Sécurité - La rénovation urbaine n'a pas enrayé les trafics
L'un des objectifs assignés au programme national de rénovation urbaine (PNRU) lancé il y a dix ans était d'enrayer la spirale de l'insécurité de certains quartiers. Or le programme, dont 20 milliards ont déjà été dépensés sur les 45 milliards d'euros programmés au total, a suscité des appétits... Dans une enquête publiée le 28 février, Le Monde a révélé l'ampleur des rackets et intimidations dont sont victimes les entreprises du BTP. Trois agressions graves ont été recensées en trois mois en Seine-Saint-Denis. "Cela a pris des proportions inquiétantes et c'est devenu un système très organisé comme on peut le connaître en Corse", s'insurge le président de Plaine Commune habitat, cité par le quotidien.
Mais les opérations de rénovation ne semblent pas non plus avoir permis de démanteler les trafics. "Alors que les actes d'incivilités, les violences urbaines, les dégradations et incendies volontaires sont en diminution notable, les trafics illicites restent ancrés sur les quartiers et leur ampleur ne semble pas évoluer au cours du PRU", indique l'Onzus (Observatoire national des zones urbaines sensibles), dans son rapport sur les dix ans du PNRU remis au ministre délégué à la Ville, François Lamy, lundi 4 mars.
Certes, le programme a permis d'améliorer le climat général des quartiers.

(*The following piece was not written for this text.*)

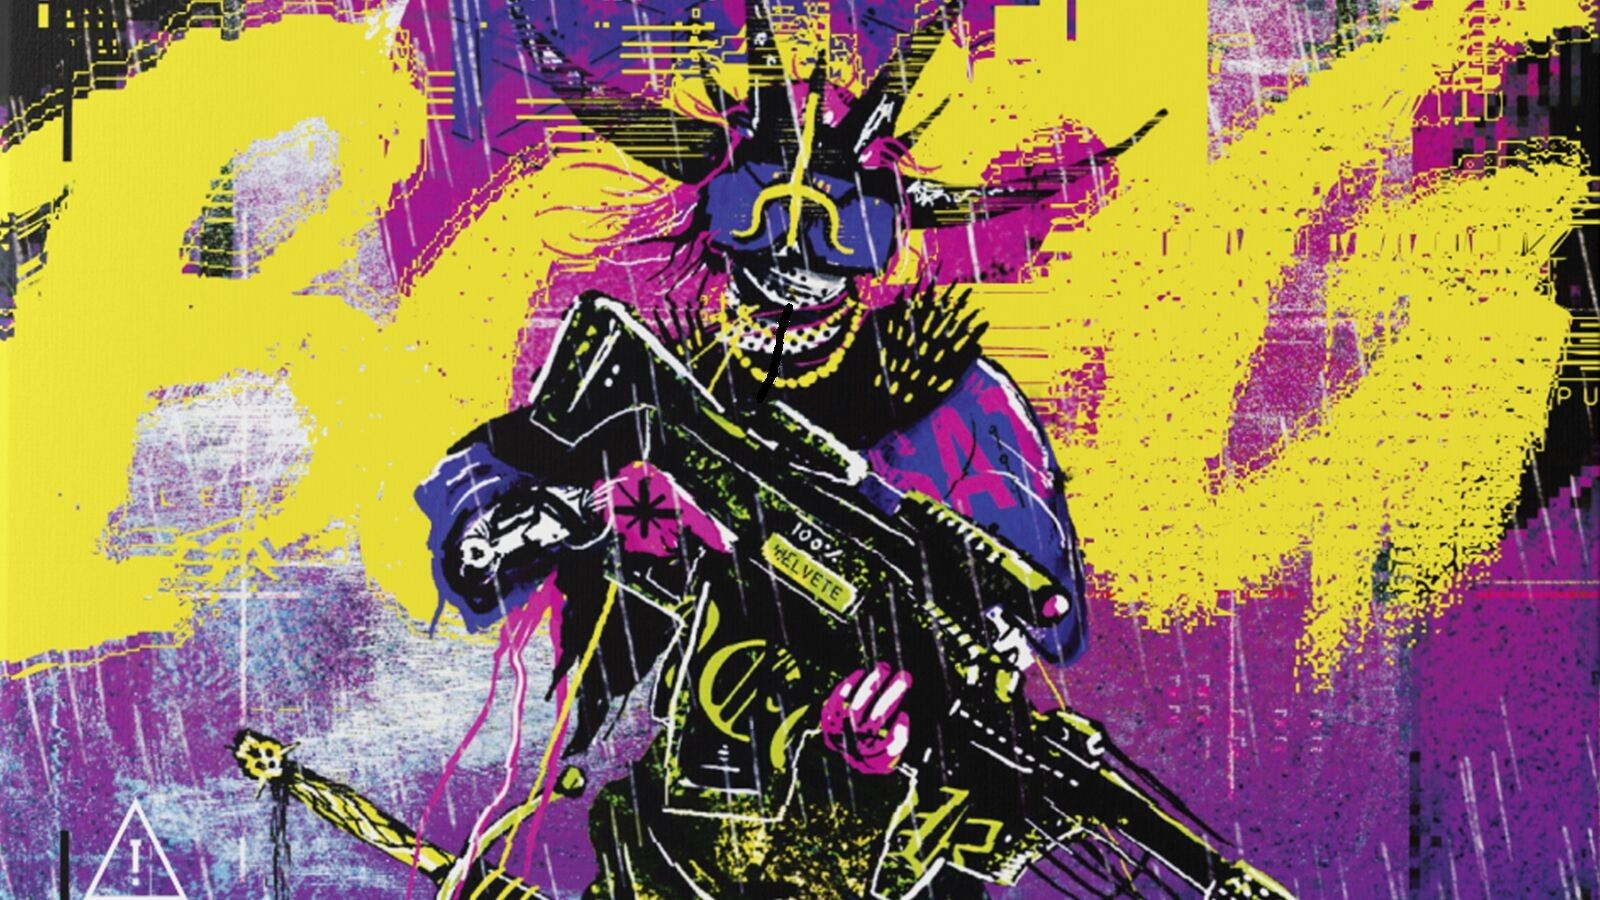 Cy_Borg Art with bright purple and yellow colors showing a stylized cyberpunk character holding a gun.

Les délégués du préfet constatent même de réels progrès. Alors que 15 quartiers étaient considérés comme ayant des problèmes de tranquillité publique d'une intensité "très élevée" avant le PNRU, un seul a été répertorié comme tel après le programme. Les délégués se félicitent du "rapprochement entre professionnels de l'urbain et de la sécurité" et de "la réalisation d'aménagements facilitant la prévention situationnelle".
Un risque d'échec "réel"
Auditionnée par l'Onzus, l'Union sociale pour l'habitat (USH) constate aussi une amélioration de la vie quotidienne dans certains quartiers (réduction de la petite délinquance de proximité et des actes d'incivilité, éradication des lieux les plus critiques, atténuation du sentiment d'insécurité) mais elle estime qu'entre 50 et 80 quartiers restent concernés par les trafics de stupéfiants (sur 594 quartiers concernés par le programme). Là, les phénomènes n'ont fait que se déplacer d'un secteur à l'autre. L'USH réclame un dispositif spécifique avec une procédure d'intérêt national et de solidarité, sans quoi le risque d'un échec des PRU dans ces sites est "réel".
L'Onzus note aussi un déplacement des problèmes de tranquillité dans d'autres quartiers du fait des déplacements des zones de trafic. L'IRDSU (Inter-réseaux des professionnels du développement social urbain) déplore pour sa part que la sécurité n'ait pas été suffisamment prise en compte dans les programmes. Et à l'inverse des délégués du préfet, il estime que les services de police font "véritablement défaut".
A noter enfin que le décret n° 2011-324 du 24 mars 2011 avait étendu l'obligation de mener une étude de sécurité publique à tous les projets de rénovation urbaine. Or, dans une étude de 2012, l'Anru (Agence nationale pour la rénovation urbaine) a montré que sur 173 projets, seulement dix avaient fait l'objet d'une telle étude et 20 étaient en train de le faire...
Pour en savoir plus, il faudra attendre l'étude sur l'impact de la rénovation urbaine sur la tranquillité publique, commanditée par le SGCIV (secrétariat général du Comité interministériel des villes), l'Anru et l'Acsé (Agence pour la cohésion sociale et l'égalité des chances). Par ailleurs, un grand séminaire sur les zones de sécurité prioritaire se tiendra le 8 avril.